Table 3 Association of tRNA-GlyGCC-5 expression, sRESE expression and bi-sesncRNAs signature RSP with demographic and clinicopathological characteristics of the CHSUMC cohort When the ESCC patients in the ATH cohort were divided into high-RSP or low-RSP groups using the above-defined cutoff value (− 0.436), Kaplan-Meier analysis revealed that compared to those with low-RSP the patients with high-RSP have shorter OS (Fig. 3D, HR = 2.06, 95%CI 1.23–3.46, p = 0.005) and PFS (Fig. 3H, HR = 2.05, 95%CI 1.21–3.46, p = 0.006), suggesting that bi-sesncRNA-derived high RSP can serve as an indicator for good prognosis of ESCC. The multivariate COX regression analysis indicates that the histological differenciation, bi-sesncRNA signature RSP and TNM stage were independent prognostic factors for OS and PFS of both CHSUMC and ATH cohorts (Table 4 and S2). To seek more precise prediction for an individual ESCC patient’s survival while controlling for TNM stage and histological differentiation, a nomogram prediction model was established based on multivariate regression analysis (Fig. 4A). The 3-year-OS were predicted well in both CHSUMC cohort (Fig. 4B, C-index = 0.718) and ATH cohort (Fig. 4C, C-index = 0.711). These findings collectively demonstrated that the bi-sesncRNA signature RSP could serve as an independent predictor for the clinical outcomes of ESCC.

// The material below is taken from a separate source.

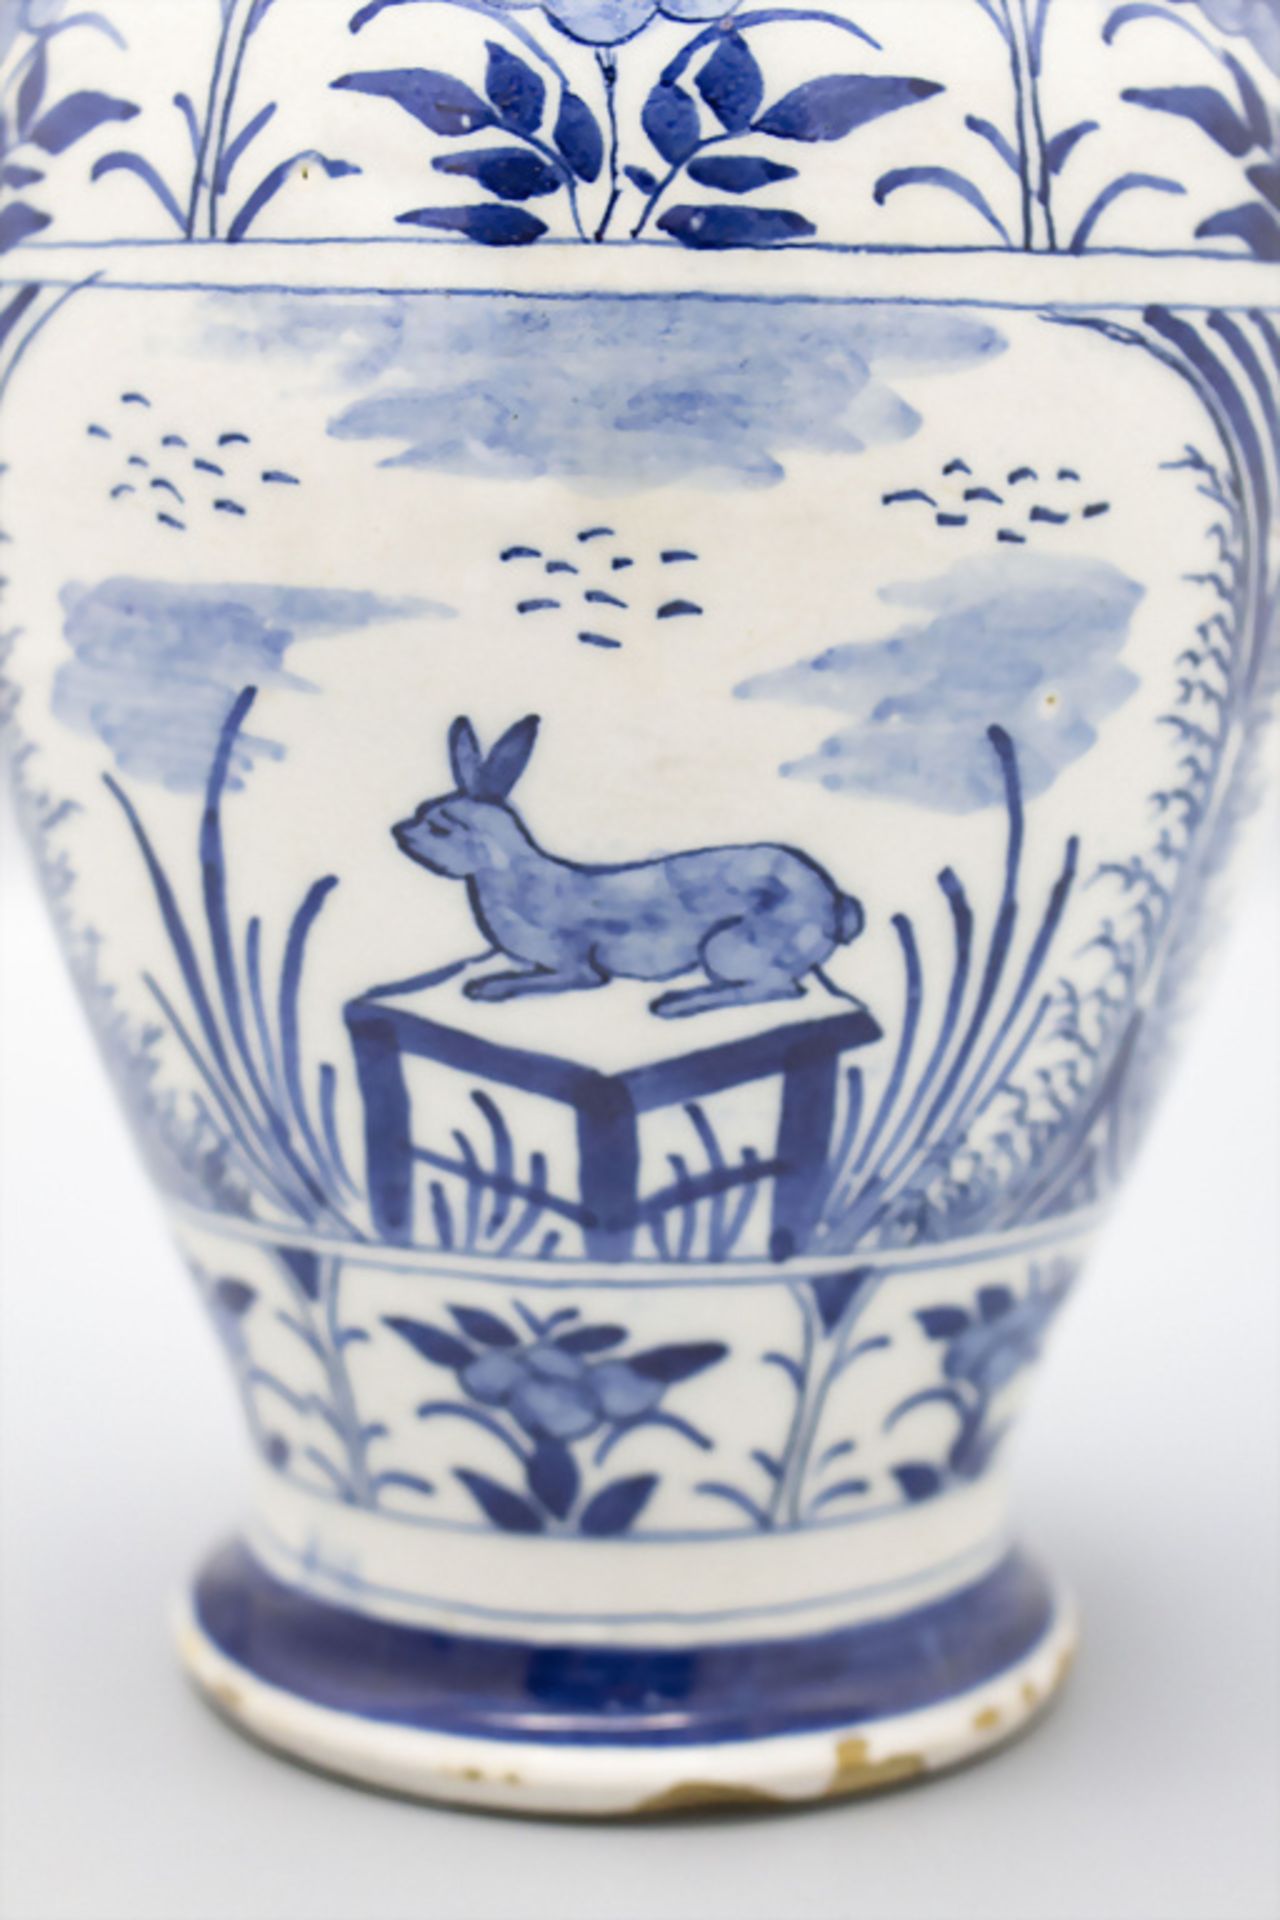 Fayence Vase mit Hasen Dekor / A fayence vase with rabbit decor, 18./19. Jh - Image 3 of 5

Table 4 Univariate and multivariate Cox proportional hazards analyses of survival in ESCC patients of CHSUMC cohort Prediction of benefit of adjuvant therapy
We next examined the instructive role of the bi-sesncRNA signature RSP in postoperative adjuvant treatment. Using the above-established cutoff value (− 0.436) of bi-sesncRNA-derived RSP, patients were stratified into high-RSP and low-RSP groups to retrospectively analyze the effect of adjuvant therapy on ESCC clinical outcomes. In the CHSUMC cohort, 54 ESCC patients with high RSP and 41 ESCC patients with low RSP received adjuvant therapy. When the Kaplan-Meier survival analysis was stratified by the bi-sesncRNA signature RSP, we found that adjuvant therapy was associated with an improved OS (Fig. 5A, HR 0.47, 95%CI 0.29–0.77; p = 0.002) and PFS (Fig. 5E, HR 0.36, 95%CI 0.21–0.62; p < 0.001) in patients with high-RSP but not those with low-RSP value (Fig. 5B&F, OS: HR 0.62, 95%CI 0.22–1.77; p = 0.370; PFS: HR 1.06, 95%CI 0.44–2.51; p = 0.903). Similar findings were observed in the ATH cohort (High-RSP patients, OS: HR 0.28, 95%CI 0.12–0.70; p = 0.003; PFS: HR 0.32, 95%CI 0.13–0.78; p = 0.008. Low-RSP patients, OS: HR 0.71, 95%CI 0.32–1.58; p = 0.403; PFS: HR 1.05, 95%CI 0.49–2.27; p = 0.898.), in which 55 of the140 patients received adjuvant therapy (Fig. 5C-D and G-H). To avoid the influence of the bias of clinicopathological characteristics of patients with or without adjuvant therapy, χ2 test was performed and no significantly difference was found in these two groups (Tables S3 and S4). The results of this analysis suggested that only the ESCC patients with high bi-sesncRNA signature RSP might benefit from adjuvant therapy to improve their PFS and OS. Therefore, the bi-sesncRNA signature RSP might be a potential tool to predict which pre-operative patients might benefit from adjuvant therapy.